Hier hat auch Gott ein Zimmer: Die christliche Lebensgemeinschaft „Brot und Rosen“ in Hamburg bietet Flüchtlingen Unterkunft.

Zur Ruhe kommen, um dann aufbrechen zu können in ein eigenes Leben: bei der christlichen Gemeinschaft "Brot und Rosen". Bild: dpa

HAMBURG taz | Heute Abend gibt es von allem ein bisschen: ein bisschen Reis, ein bisschen Nudeln, ein bisschen Gemüse, ein bisschen Kartoffelbrei. Nur Fleisch, davon gibt es heute viel, aber das ist nicht die Regel. Zwei Auflaufformen füllen sich mit Schweineschnitzeln, Marita hat heute Kochdienst, steht also in der Küche und lehnt jedes Angebot, ihr dabei zu helfen, sanft ab. Ihr Job: aus dem, was sich an gespendeten Lebensmitteln im Vorratsraum im Keller findet, etwas zaubern, das allen schmeckt und das für alle reicht. Birke Kleinwächter zeigt auf die Regale im Vorratsraum: „So leer ist es hier selten. Das, was die Nation aussortiert, macht ansonsten gut satt.“

Ein Zimmer für Gott

Seit 1996 gibt es die christliche Lebensgemeinschaft „Brot und Rosen“ im Hamburger Stadtteil Bramfeld. Untergekommen ist sie in einem ehemaligen, damals leer stehenden, recht verwinkelten Pastorat. Es gibt ein Wohnzimmer, das aber auch für Veranstaltungen genutzt wird; es gibt einen großen Ess- und Aufenthaltsraum, der hinausführt auf eine kleine Terrasse. Jeder hat sein eigenes Zimmer, für Familien sei es manchmal etwas wenig Platz, und neben dem Vorratskeller gibt es noch einen Andachtsraum, denn wo jeder Mensch ein Zimmer habe, soll auch Gott eines haben; morgens um neun trifft man sich zur Andacht, man kann aber auch in Ruhe ausschlafen, wenn einem danach ist.

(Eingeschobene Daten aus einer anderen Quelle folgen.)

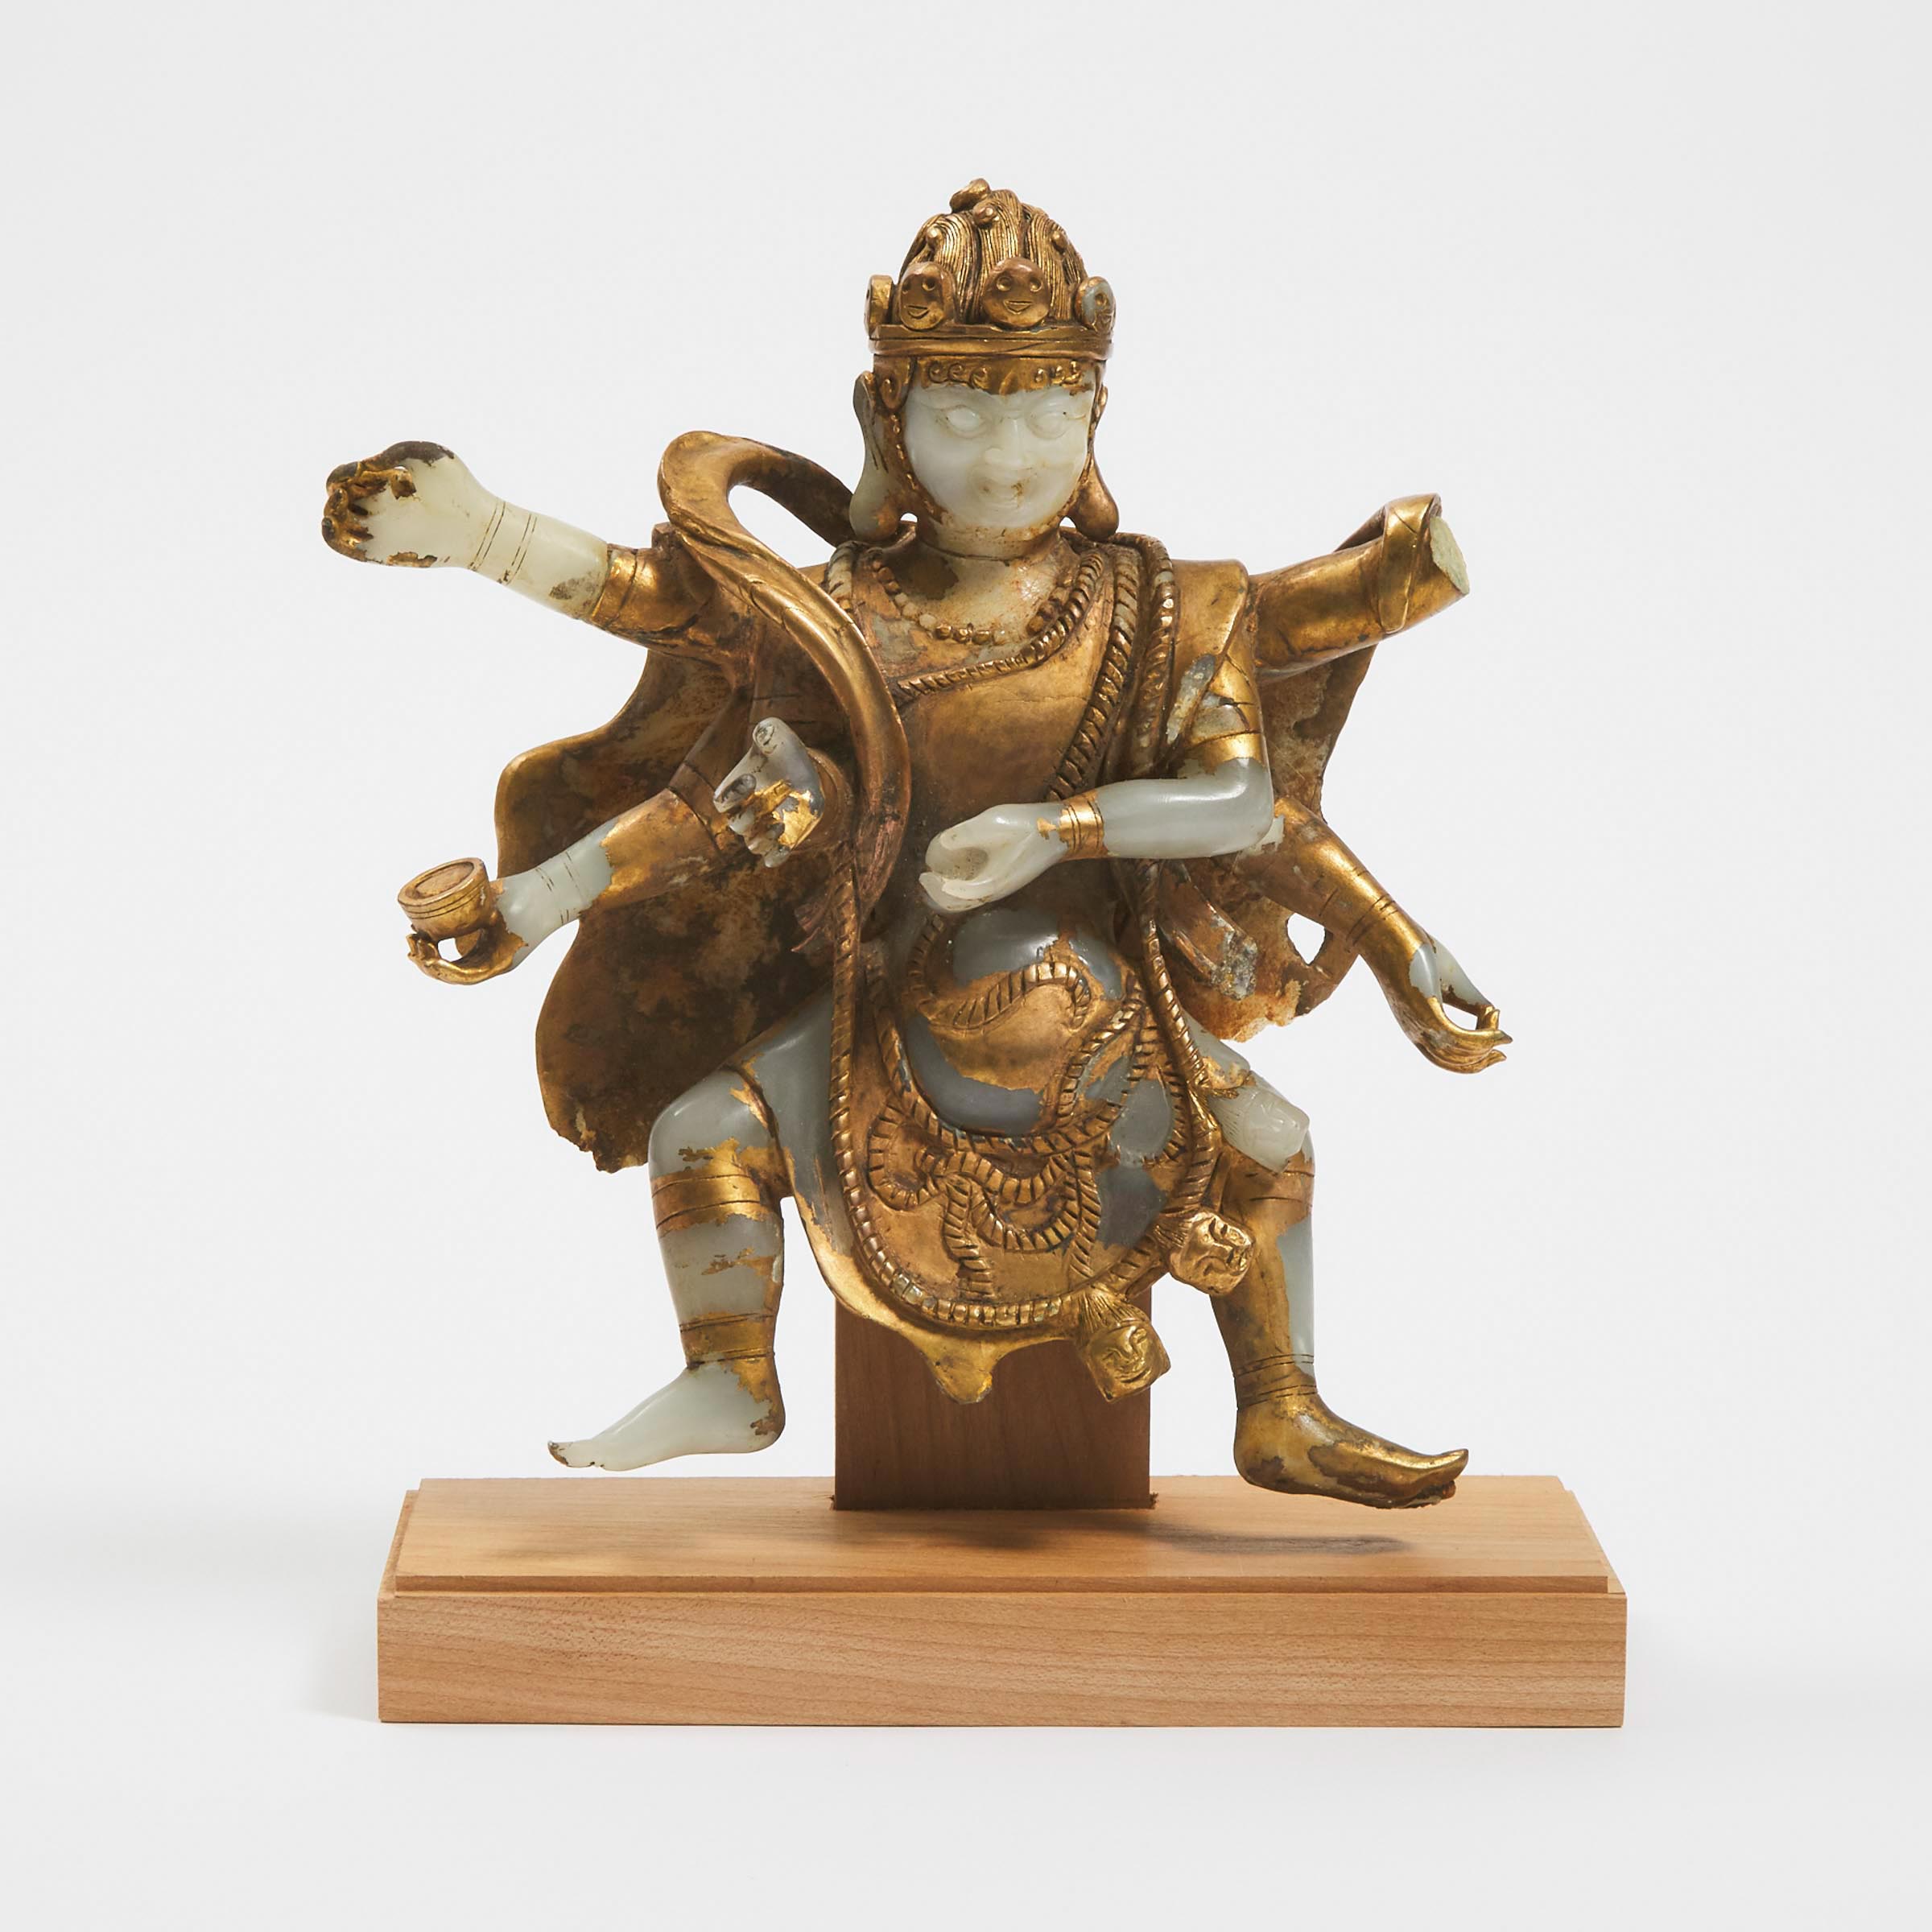 A Gilt-Decorated Jade Figure of a Tantric Deity, 18th Century or Later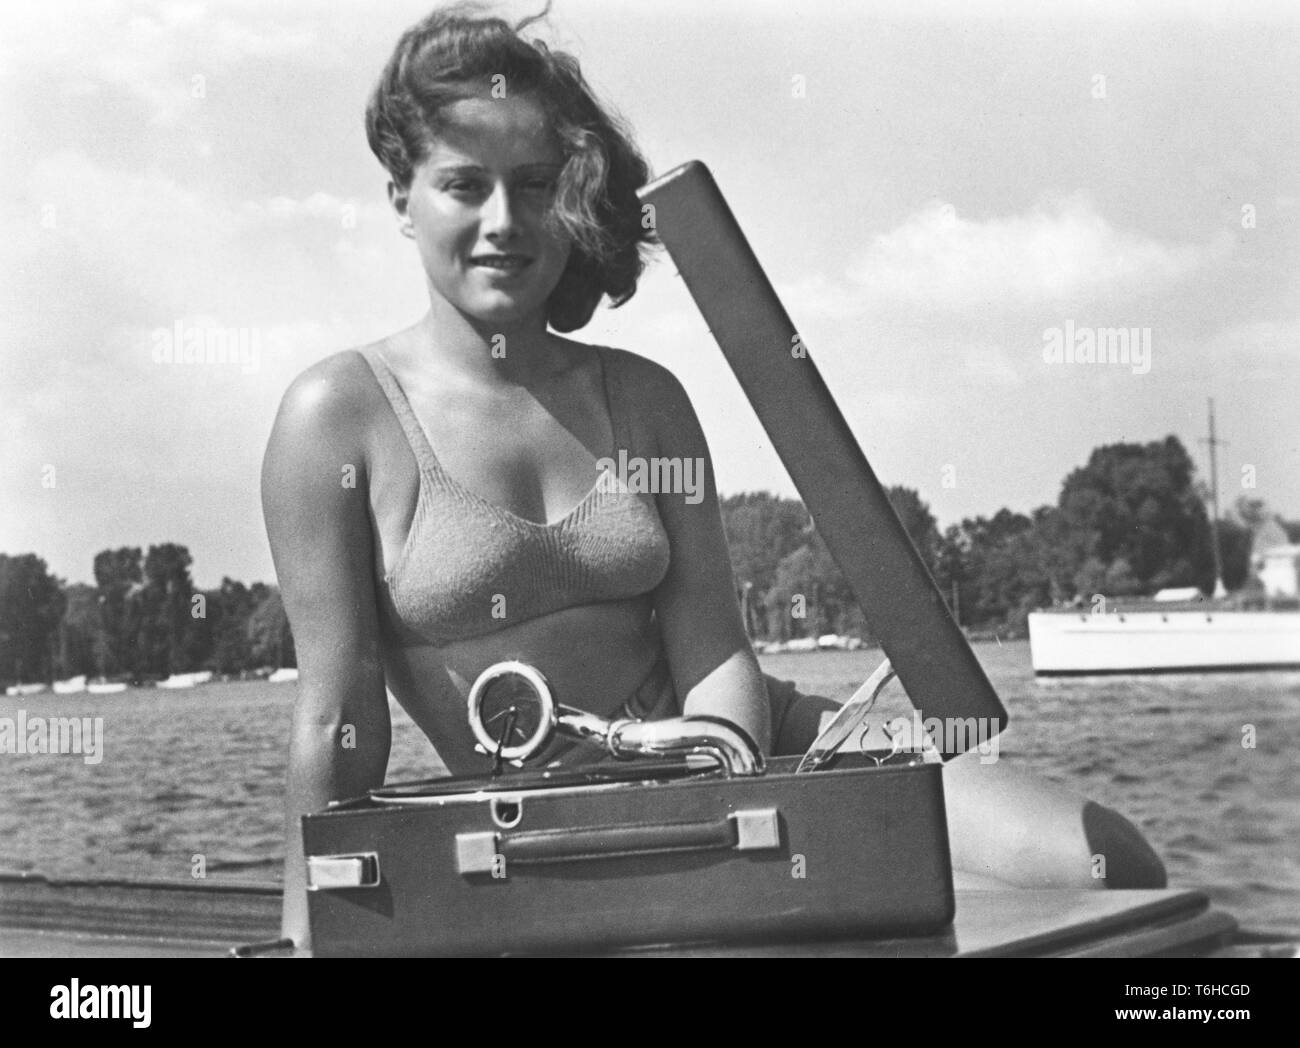 1940s summer lifestyle. A young woman with a portable gramophone player on a summer's day. It's operated by winding it up with a lever. The record then plays. When your hear that the recording begins to slow down, you know you have to wind i up again. The records were made of fragile material and the speed of the record to sound as it should was 78 revolutions per minute. Sweden 1940s. Stock Photo

Aktuell zählt die Gemeinschaft, die sich in der Tradition des amerikanischen Catholic Worker Movement sieht und sich durch Spenden finanziert, fünf Erwachsene, dazu kommen fünf Kinder. Plus zwei sogenannte Freiwillige: Anne und Manuel Bayer, die aber nicht wie sonst etwa FSJler für einen festen Zeitraum hier wohnen und dann wieder gehen, sondern die prüfen, ob diese Lebensform nicht für sie grundsätzlich das Richtige sein könnte. Und dann gibt es noch die Gäste: Flüchtlinge wie Marita, die mit ihrer Tochter aus Honduras nach Hamburg kam und die hier ein neues Zuhause sucht.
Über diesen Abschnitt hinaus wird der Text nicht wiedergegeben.